**Subject Code & Title :** BUS105 Computing **Assessment Type :** Assignment

“Instructions for the computing assignment word file worth 18% of your final grade and excel file worth 2% of your final grade**Overview :** Materials that must be used in the assignment – these are provided on moodle

i.An excel file with the datasets for all the students , each student must follow the instructions and get 4 data sets using their student number , each student will have different data sets

ii. 3 types of data set summarizer, an excel file that automatically summarizes a data set with 2 quantitative variables an excel file that automatically summarizes a data set with 2 categorical variables

an excel file that automatically summarizes a data set with 1 categorical and 1 quantitative variables**BUS105 Computing Assignment – king’s own institute Australia.**

The following material briefly discusses where to find the material for the assignment

**Submission :**1 Students must submit a word file (worth 18%) to Moodle AND an excel file (worth 2%) to moodle

2 The word file needs to be submitted to the Turnitin link – instructions are given on page 6

3 The word file needs a cover page

4 The word file needs the answers to 9 questions given in full detail later in this document a vital part of answering the question is using the data set and the data set summarizer.
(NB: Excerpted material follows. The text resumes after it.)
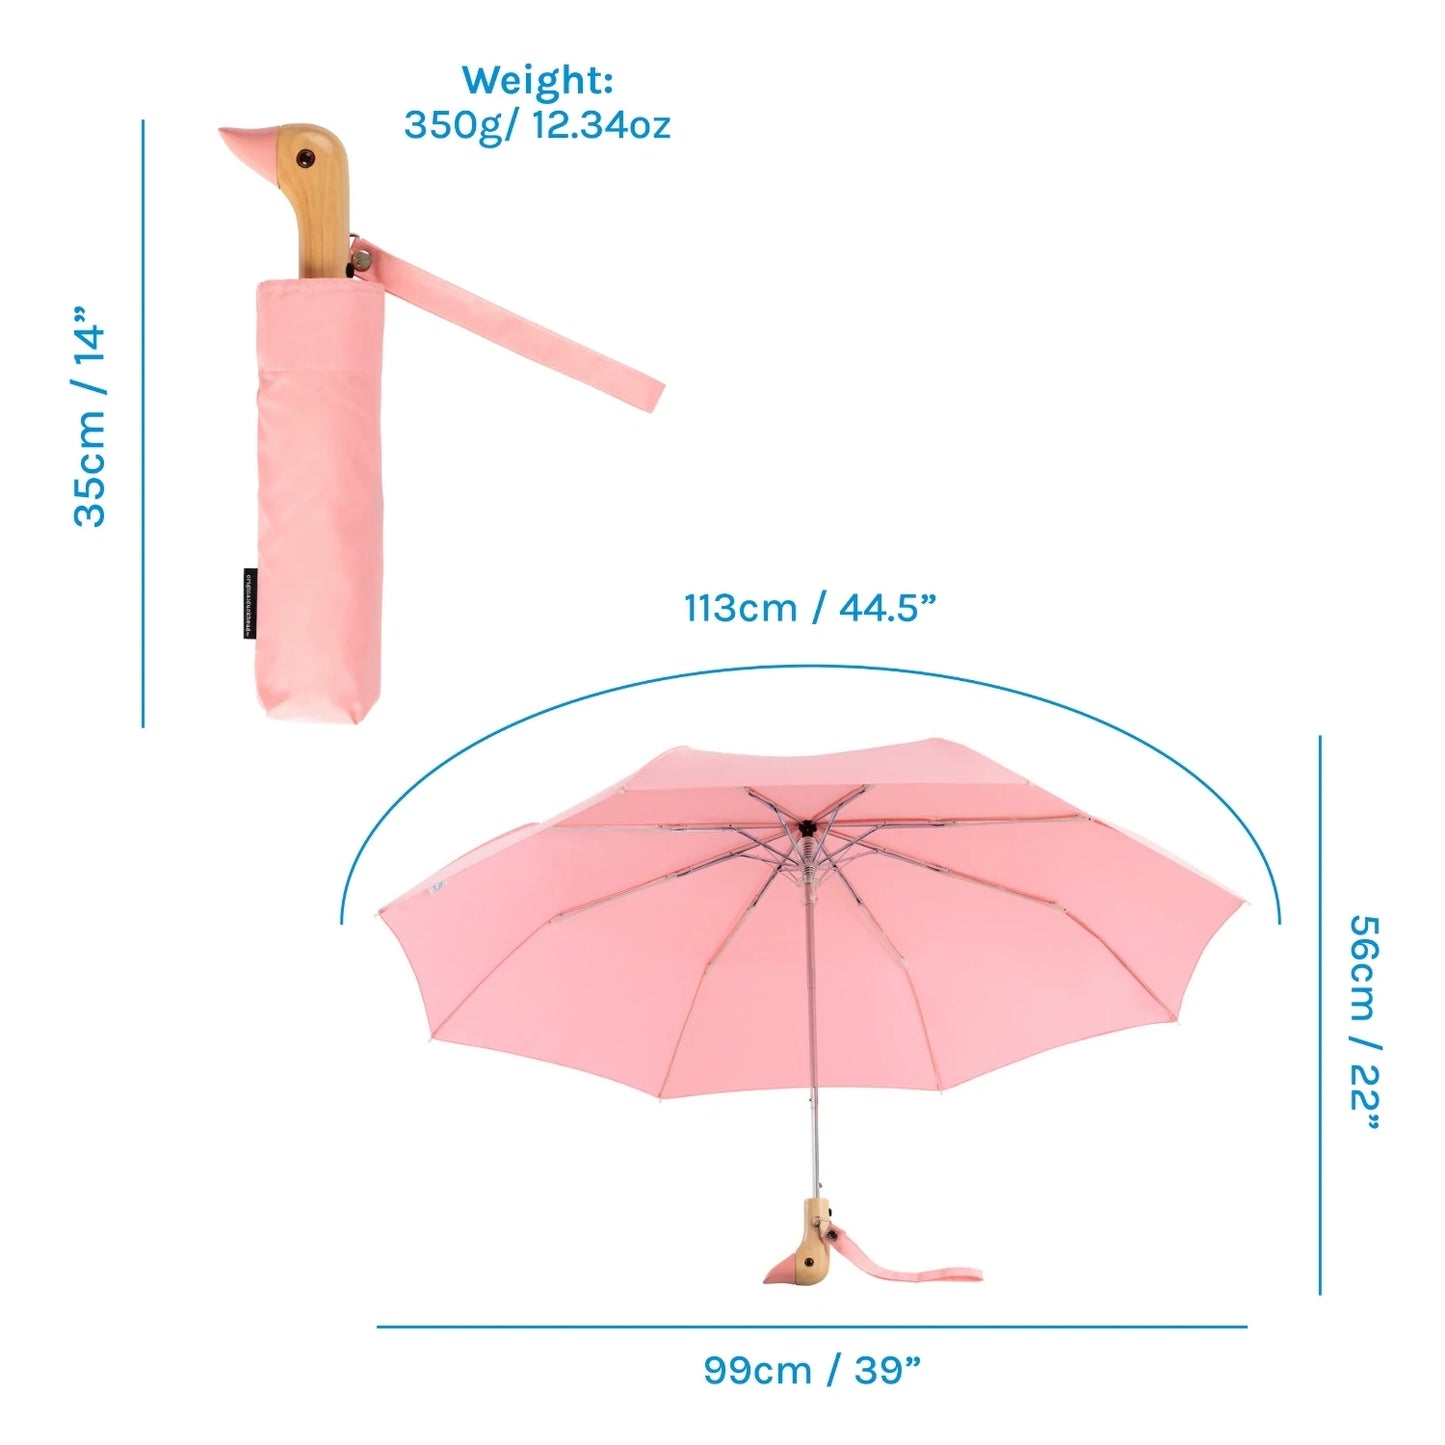 The Original Duckhead Pink Compact Umbrella

5 The excel file needs to be submitted to the assignment dropbox,

6 The excel file should have the student’s 3 datasets and summaries NOT made by the automatic data set summarizer – summarize the data set using Pivot Tables and the scatter plot. (Instructions for submitting the excel file are given on page 8)

The Computing assignment also consists of 5 preparation quizzes worth 1% each these preparation quizzes are on moodle.
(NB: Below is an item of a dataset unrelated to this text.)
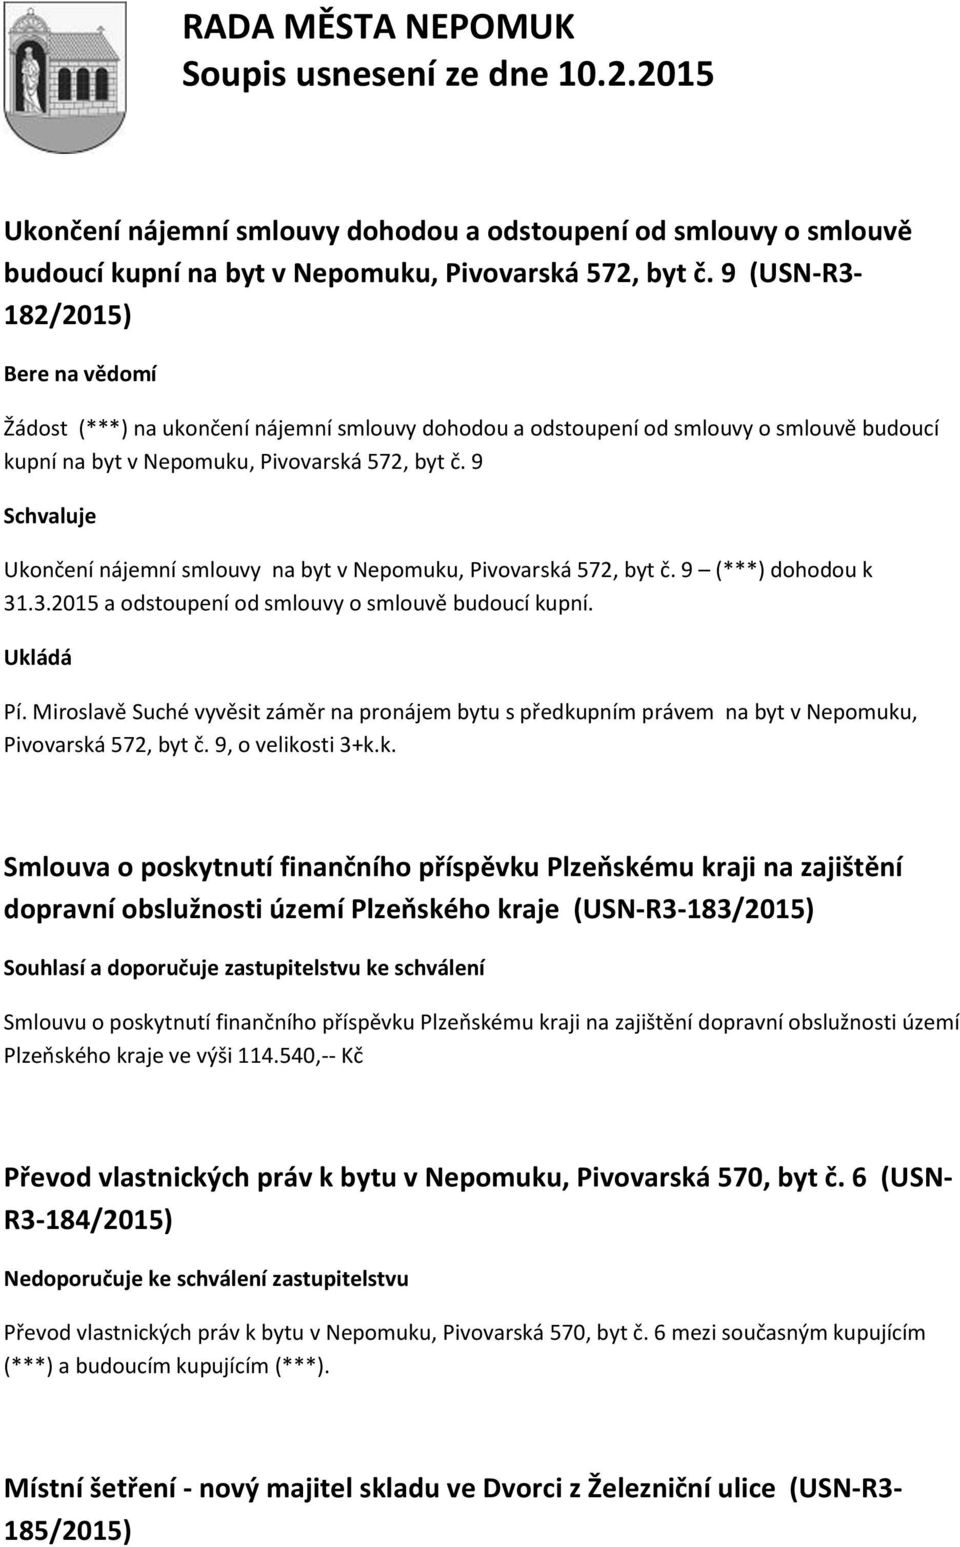 9 Ukončení nájemní smlouvy na byt v Nepomuku, Pivovarská 572, byt č. 9 (***) dohodou k 31.3.2015 a odstoupení od smlouvy o smlouvě budoucí kupní. Ukládá Pí.

“Instructions for Major part of assignment, the word file worth 18% of your final grade you submit to Turnitin.

**Overview :**

You need to submit a word file with the answers to 9 questions – the first 8 questions are about the data sets, the last question is a paraphrasing task

You will use your datasets and the automatic data set summarizer to get the descriptive statistics that are used in questions 1 to 5 and the inferential statistics that are used in question 6 to 8. To check you have correctly obtained your data set check both p-values are correct when you investigate both categorical variables (question 6 to 8). There will be videos on moodle explaining to check you have properly obtained your sample

**Summary of the datasets (questions 1 to 8 are about the datasets)**

**Data set 1**

Version 1 of a pregnancy test results

The variables

Are “Reality, pregnant or not pregnant?” and “Test result, positive or negative?”

**Data set 2**Version 2 of a pregnancy test results

The variables

Are “Reality, pregnant or not pregnant?” and “Test result, positive or negative ?”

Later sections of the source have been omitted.